The National Trust for Historic Preservation pledged on July 15 more than $3M in grant to help save 40 African American landmarks in the U.S., including four historic Black churches. The latest grant for the African American Cultural Heritage Action Fund is the largest preservation effort yet in the program’s history, reports Religion News Service.

“African American historic places have been undervalued for decades. This part of the preservation movement is working to catch up,” said Brent Leggs, founding executive director of the African American Cultural Heritage Action Fund. “The recipients of this funding exemplify centuries of African American resilience, activism, and achievement, some known and some yet untold, that tells the complex story of American history in the United States.”

Lonnie Bunch, the first African American and first historian to serve as Secretary of the Smithsonian Institution, said, “These grants will positively impact 40 communities nationwide and result in the creation of a visible, preserved legacy of African American contributions.”

The four churches represent the through line of the role of the Black church in the Black community. —Brent Leggs, founding executive director of the African American Cultural Heritage Action Fund

Leggs explained, “The four churches represent the through line of the role of the Black church in the Black community. They’re spaces that support the religious health of the Black community, but they’re also safe havens and spaces for community programs that uplift the broader culture.”

One of the grant recipients is the Roberts Temple Church of God in Christ in Chicago. The nearly-100-year-old building is in need of structural repairs. It was the church where the funeral of Emmett Till, a 14-year-old African American who was lynched in 1955 after being accused of offending a white woman, was held. His mother, Mamie Till-Mobley, decided to have an open-casket funeral to show the world the brutality a person could inflict to another. The event highlighted racial violence and sparked the civil rights movement.

“Roberts Temple Church of God in Christ in Chicago is a living witness to the bravery, character and self-determination of Mamie Till Mobley,” said Leggs.

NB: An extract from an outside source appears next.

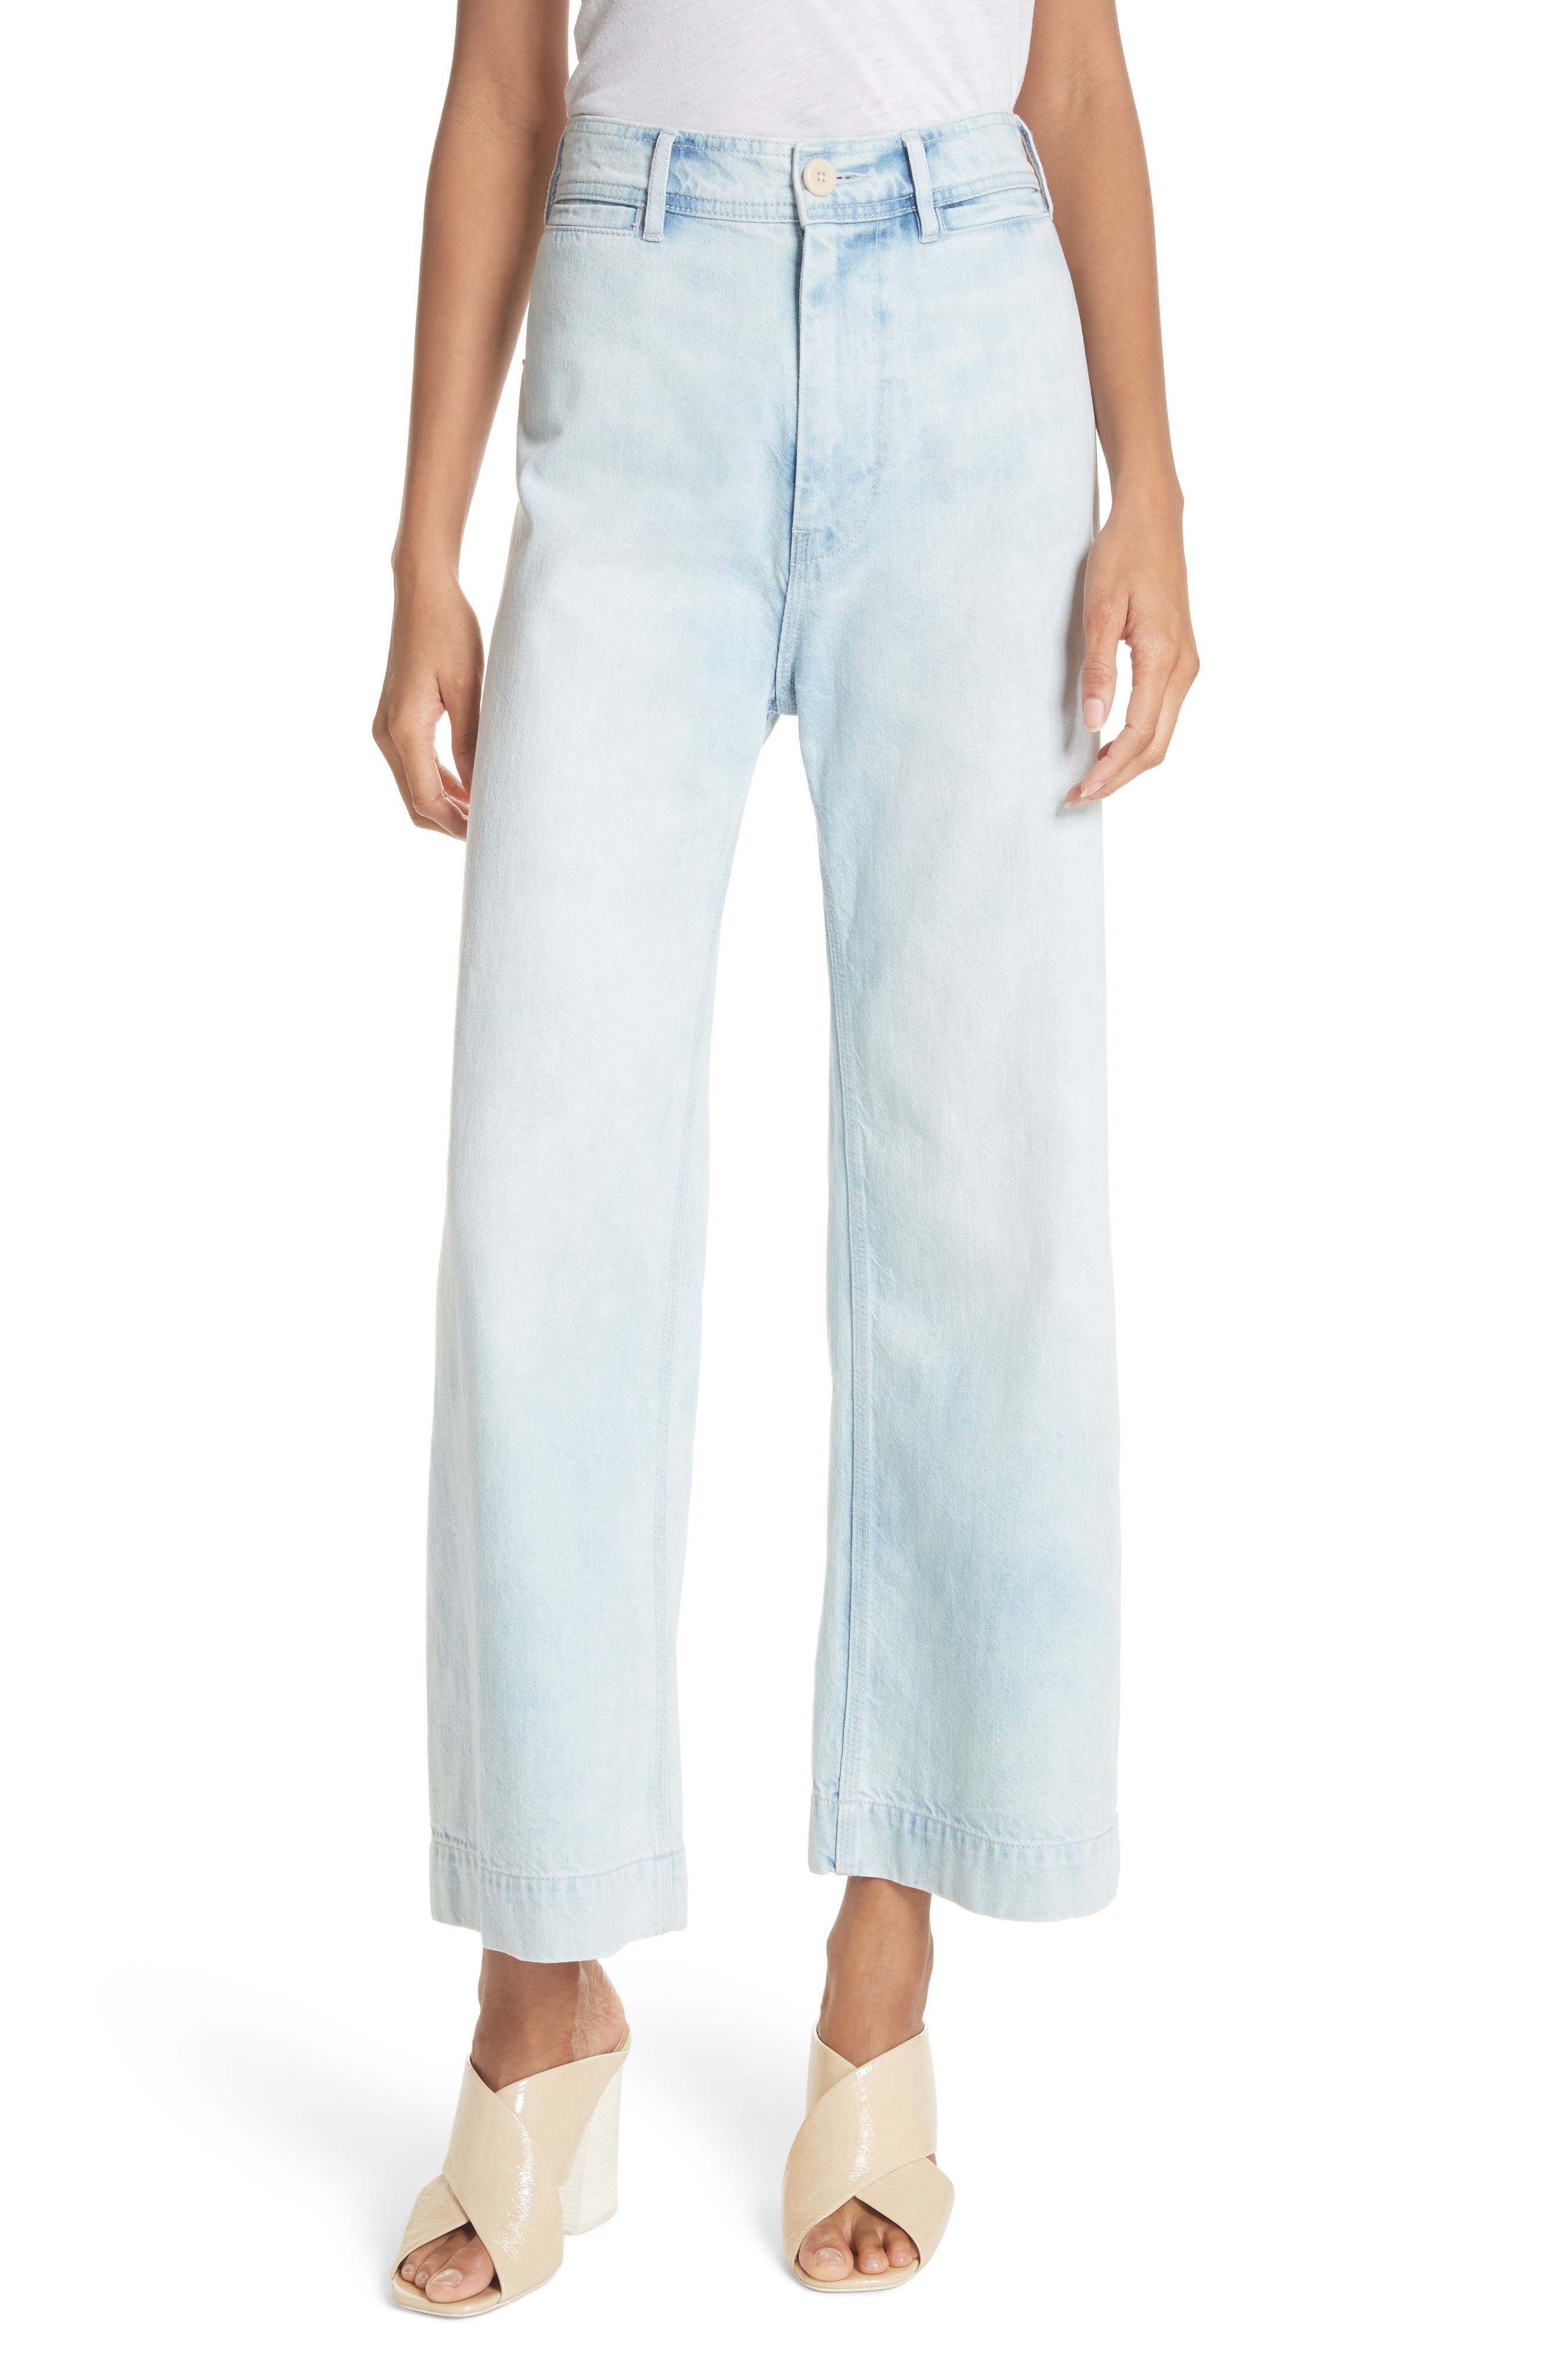 Alternate Image 1 Selected - La Vie Rebecca Taylor Crop Wide Leg Jeans (Nuage Wash)

Marvel McCain Parker, management consultant for Roberts Temple, said the church will receive $150,000 and it will help in its restoration and preservation work. She hopes that Roberts Temple will become a national landmark in the future. “We’re excited about this second phase of advancement for Roberts Temple to achieve national landmark status.”

Another church, the Asbury United Methodist Church in Washington, D.C., has received $100,000 grant to repair its façade, its bell tower and its centerpiece Good Shepherd window. Rev. Ianther M. Mills, Asbury’s first female senior pastor, was overwhelmed with the donation, saying, “We are filled with joy because this makes a great difference in being able to restore our bell tower.”

The People’s A.M.E. Zion Church in Syracuse, New York, founded in the 1840s, is another grant recipient. The funds will be used to restore the ancient church’s exterior, designed by Wallace Rayfield. Rayfield was the second Black architect to be licensed in the U.S.

“It’s great to be able to celebrate the beauty and the divine contributions of Black architects like Wallace, and help bring greater appreciation and attention to the role of Black designers,” said Leggs.

The National Trust chose another historic church, Mount Zion Baptist Church in Athens, Ohio to receive funding for its renovation. The church disbanded in the 2000s and the building will be transformed to become a community center that will support the Black community and other marginalized people in Southeast Ohio.